Hacker Newsnew | past | comments | ask | show | jobs | submitlogin

At the company I work for, we went through all the trouble of getting our distributed backend application running Vagrant using Chef so that we could have identical local, dev and production environments.

In the end, it's just so slow that nobody uses it locally. Even on a beefy Macbook Pro, spinning up the six VMs it needs takes nearly 20 minutes.

We're looking at moving towards docker, both for local use and production, and so far I'm excited by what I've seen but multi-host use still needs work. I'm evaluating CoreOS at the moment and I'm hopeful about it.



I don't see how Docker solves the speed problem without a workflow change that could already be accomplished with Vagrant.

* Install your stack from scratch in 6 VMs: slow * Install your stack from scratch via 6 Dockerfilea: slow * Download prebuild vagrant boxes with your stack installed: faster * Download prebuilt docker images with your stack installed: fastest

The main drawback of Vagrant is that afaik it has to download the entire box each time instead of fetching just the delta. That may not matter much on a fast network.


Running 6 VMs has non-trivial overhead though. That just isn't there using containers.

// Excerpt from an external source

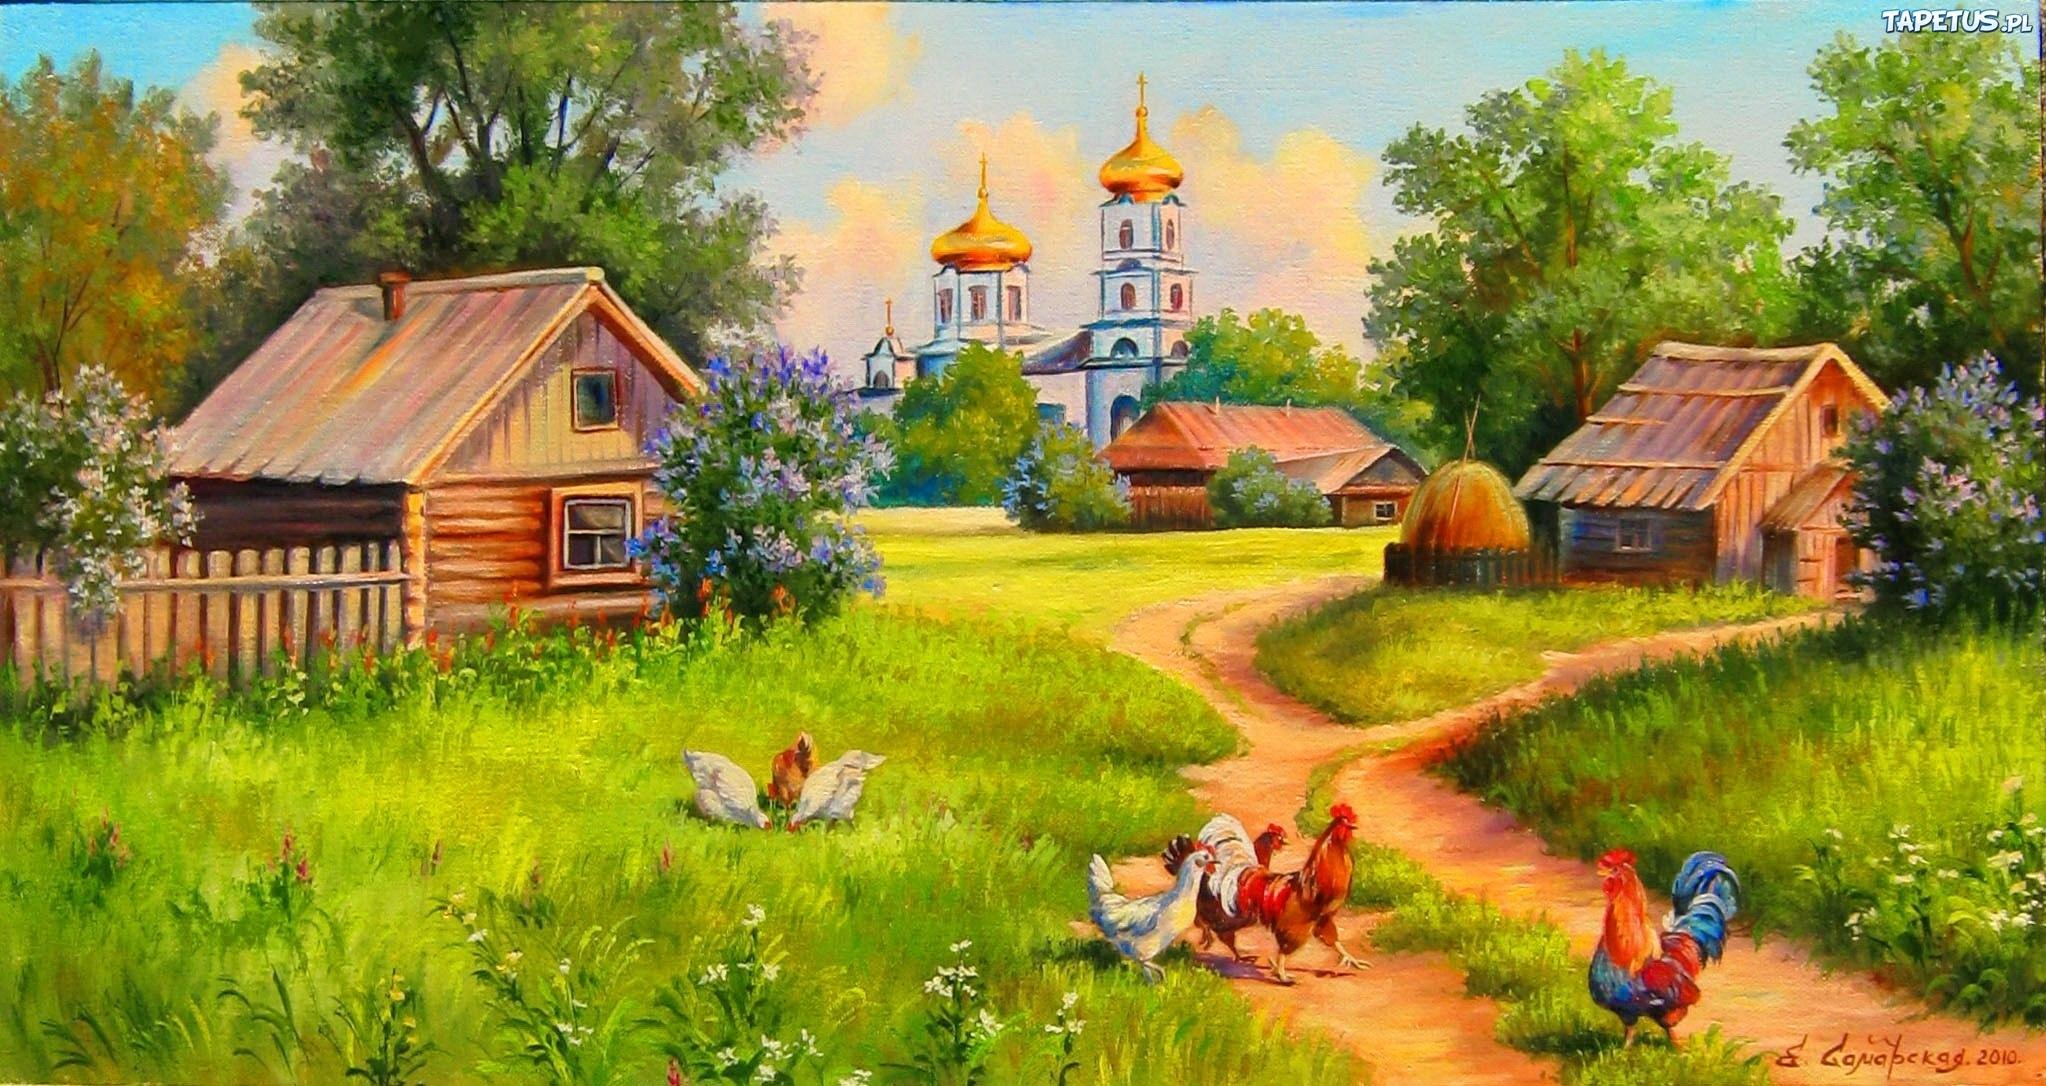 Секс в русской деревушке 5 фотография

I have to disagree, although I'll admit that what's "trivial" is subjective. Sure, a container means you don't have to run another kernel. If the container is single-purpose like docker encourages, you skip running some other software like ssh and syslog as well. That software doesn't use much CPU or memory though. I just booted Ubuntu 12.04 and it's using 53MB of memory. Multiplied across 6 VMs that's 318MB, not quite 4% of the 8GB my laptop has. I'd call that trivial.

On the last project where I had to regularly run many VMs on my laptop, the software being tested used more than 1GB. Calling it 1GB total per VM and sticking with the 53MB overhead, switching to containers would have reduced memory usage by 5%. Again, to my mind that's trivial.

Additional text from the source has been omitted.